June 2, 2015
OK, I admit that I’ve had a, um, spotty track record in finding the Next Big Thing. I had no idea it would this hard to become the next Hollywood superstar producer/writer/director.
Let’s look back at my previous attempts at fame and glory but more importantly, fortune.
- The sci-fi family epic Hamsterus! To this day I am not allowed within 100 feet of DreamWorks studios. What’s wrong with a touching film about the love between a young boy and his giant radioactive hamster? The last 35 times I asked Steven Spielberg all he said was “I have a restraining order against you!”
- President Hobo. Wouldn’t a show about a homeless President be perfect for prime time? Even BET turned that one down.
- Murderchimp. That was something or other about some kind of chimpanzee assassin. I’m not really sure what that was all about, but I did manage to get a rejection slip from every publisher in the English speaking world. And that includes even the self-publishing places. Here’s a direct quote from Kindle Self-Publishing: “Screw you and your stupid monkey.” For the record, Kindle Self-Publishing, Murderchimp isn’t a monkey, he is a chimp.
- El Kabong was my idea to revive old time radio. It starred an invisible crime fighter who smashed guitars over criminal’s heads. Nobody was willing to buy it. No wonder radio is dying.
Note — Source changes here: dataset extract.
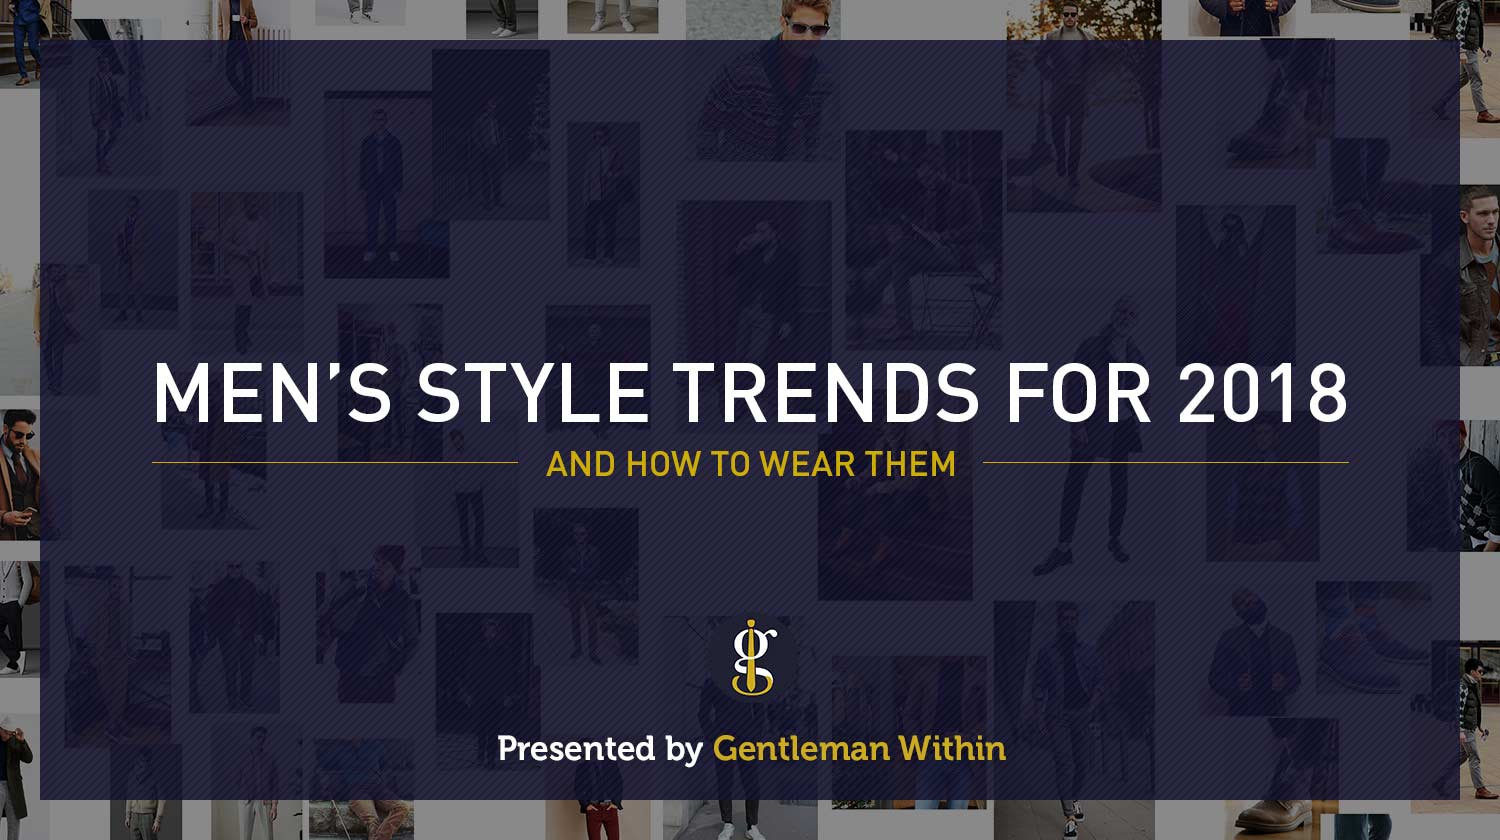 5 Men's Style Trends For 2018 & How To Wear Them | GENTLEMAN WITHIN

Well, that just leaves comic books, and I think that I have the perfect idea for a killer comic. And I plan to both write and draw it, despite having little talent at one and no talent at the other.
Here’s my pitch for…..
Dr. Ghost Zombie!
Doctor Bruin Z. Othello was your typical brain surgeon. He had money, fame, women, fancy jets, expensive cars, designer clothes, mansions in every city, his own fleet of ships, a pair of airlines, a pet puma and even a permanent apartment in the White House. Then one day as he was walking home from a charity Faberge Egg painting contest, he was fatally gunned down when he tried to stop a robbery in a bodega on the wrong side of the tracks.
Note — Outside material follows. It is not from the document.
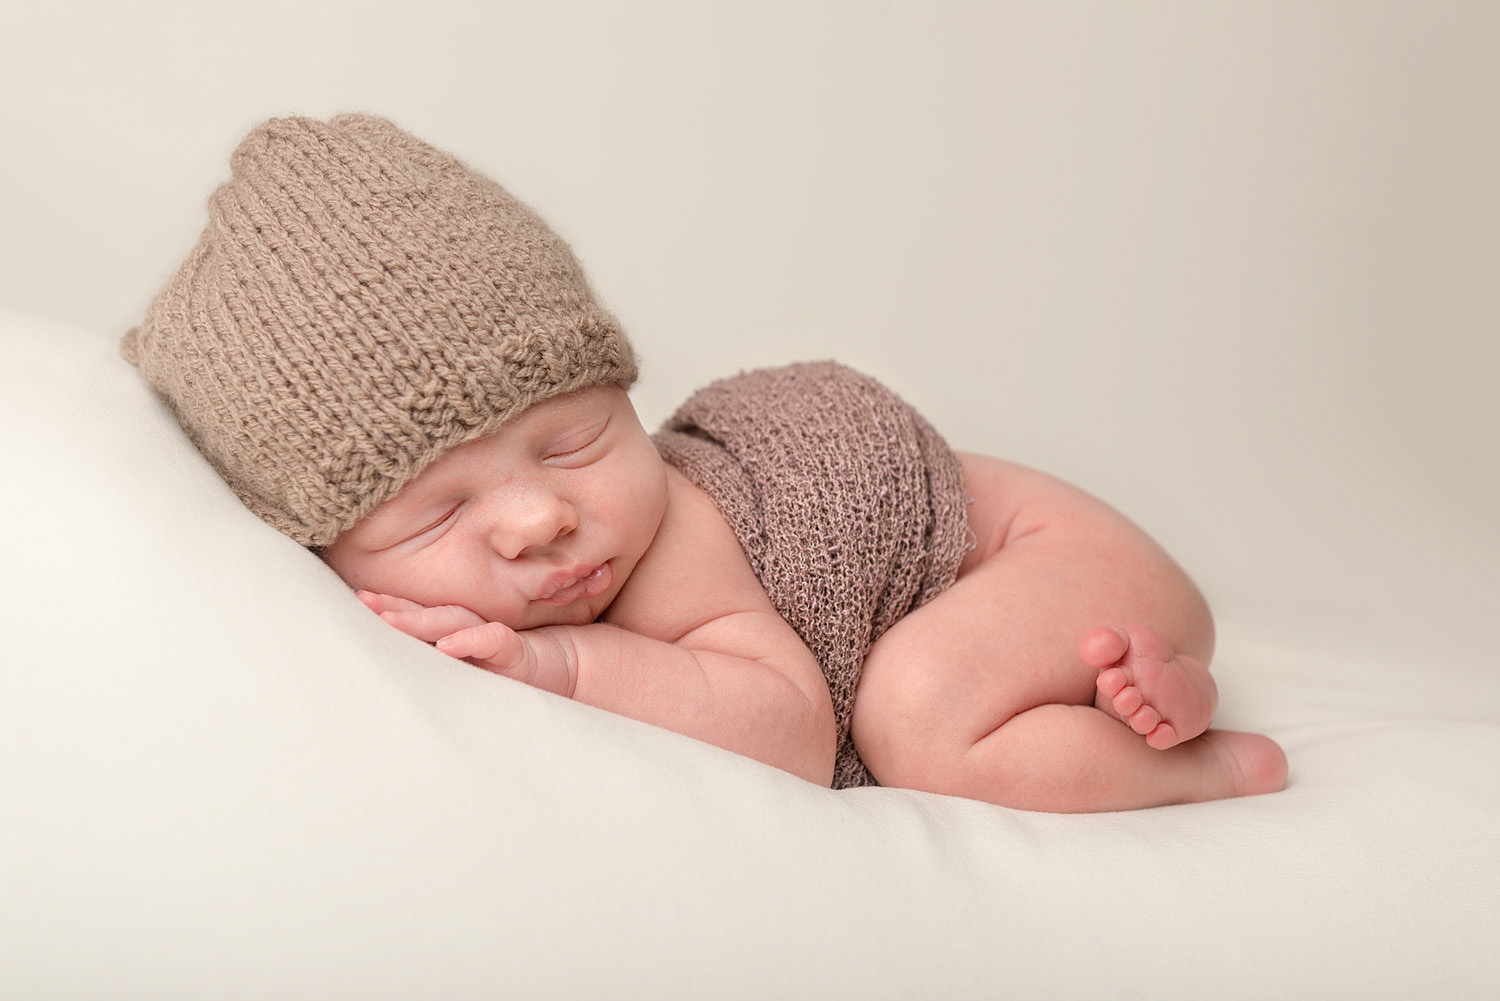 Newborns sleep longer and more deeply between 5 and 10 days old

Not wanting to go to Heaven, he stayed on Earth and fought crime as a poltergeist. However, one day, his arch-nemesis, The Doom Vulture, resurrected Doctor Bruin Z. Othello’s body as a zombie. Ghost Othello battled his own undead body until he was able to possess it and reclaim his physical form.
Now reunited and back among the living, sort of, Dr. Othello fights crime as the 2-in-1 crime fighter. When necessary, he can leave his body and fight as both a ghost and a zombie. The only drawback is that his body is still rotting, but the brilliant doctor is working on a cure.
There it is. What do you think? I am going to be famous!